## Data extracts

━━━━━━━━━━━━━━━━━━━━━━━━━━━━━━

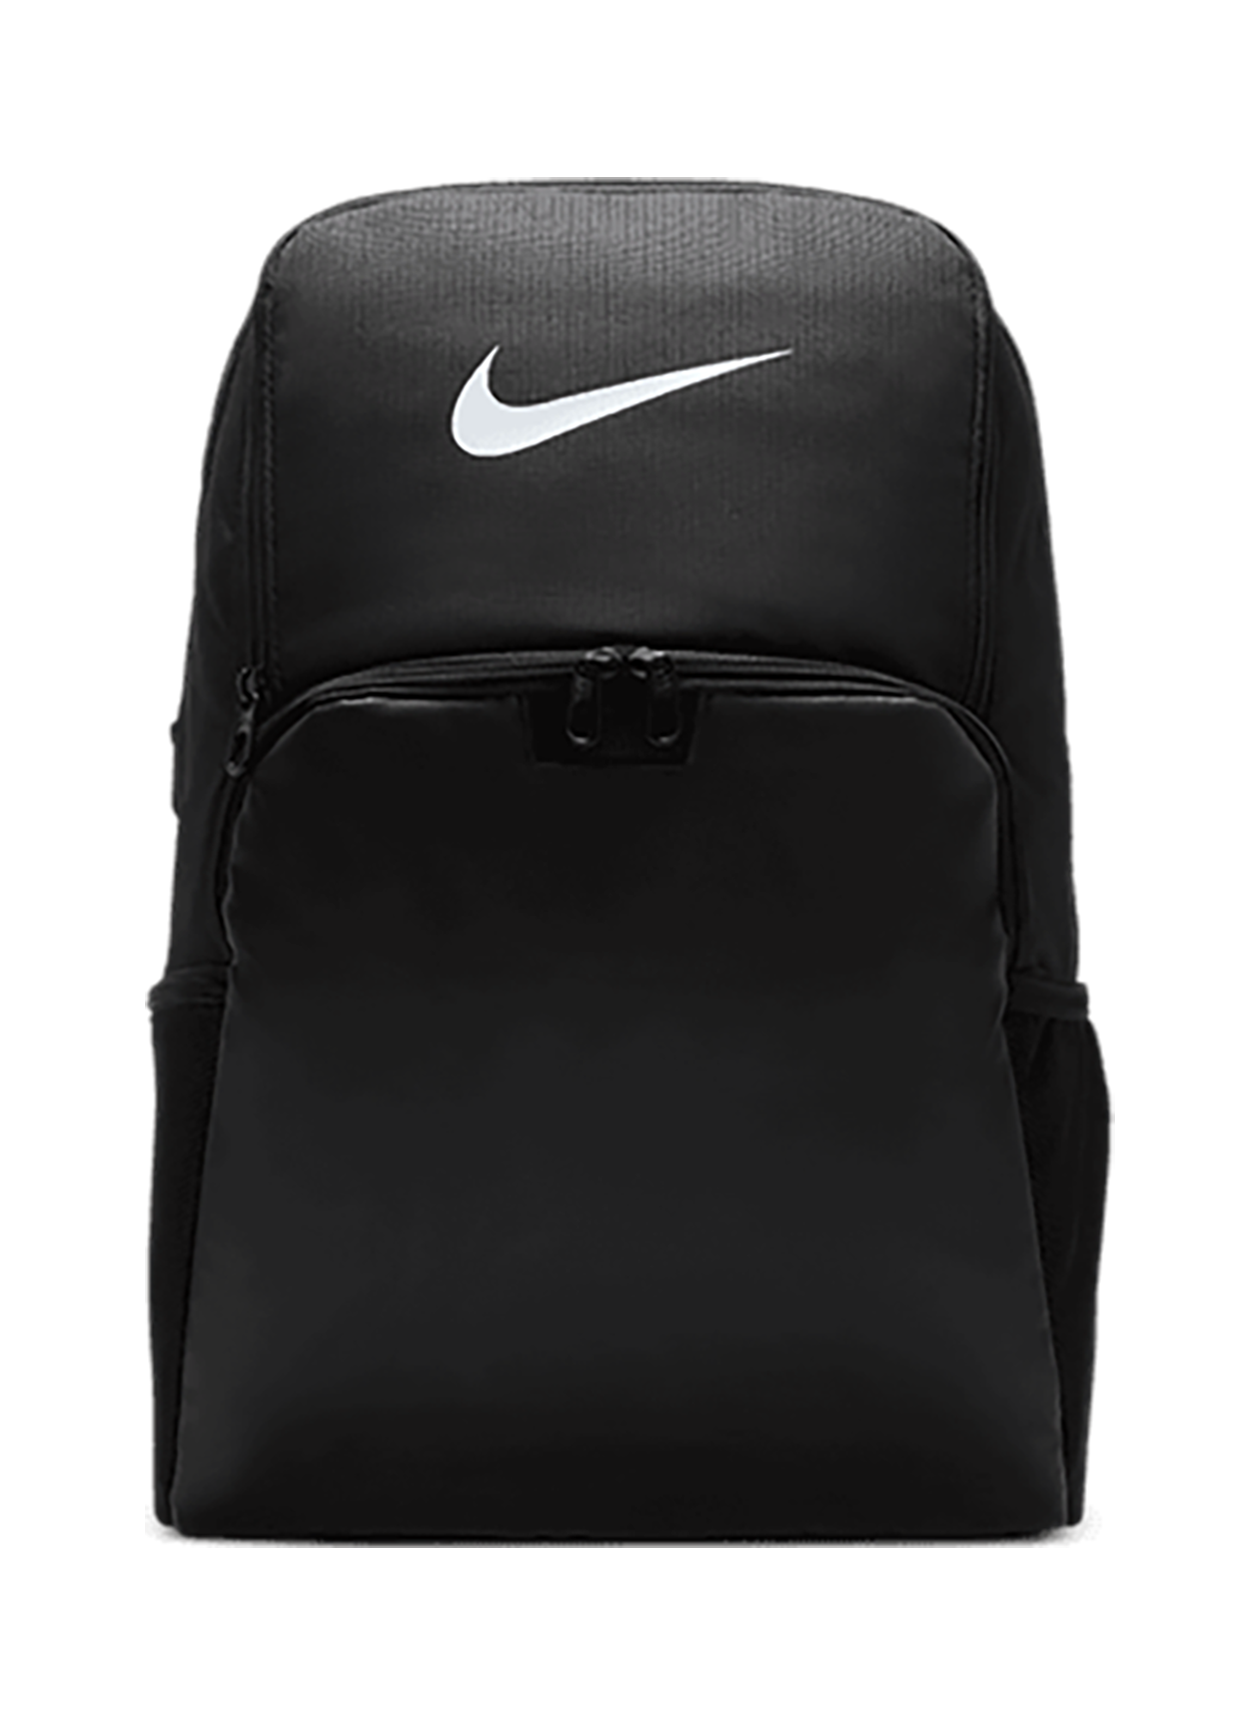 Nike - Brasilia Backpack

━━━━━━━━━━━━━━━━━━━━━━━━━━━━━━

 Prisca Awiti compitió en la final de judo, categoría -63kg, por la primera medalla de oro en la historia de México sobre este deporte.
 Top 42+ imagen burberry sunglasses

━━━━━━━━━━━━━━━━━━━━━━━━━━━━━━

Taking the material above, extract exactly and only the lines from the line with "Prisca Awiti compitió" to the line with "Top 42+ imagen burberry sunglasses", inclusive of both.

 Prisca Awiti compitió en la final de judo, categoría -63kg, por la primera medalla de oro en la historia de México sobre este deporte.
 Top 42+ imagen burberry sunglasses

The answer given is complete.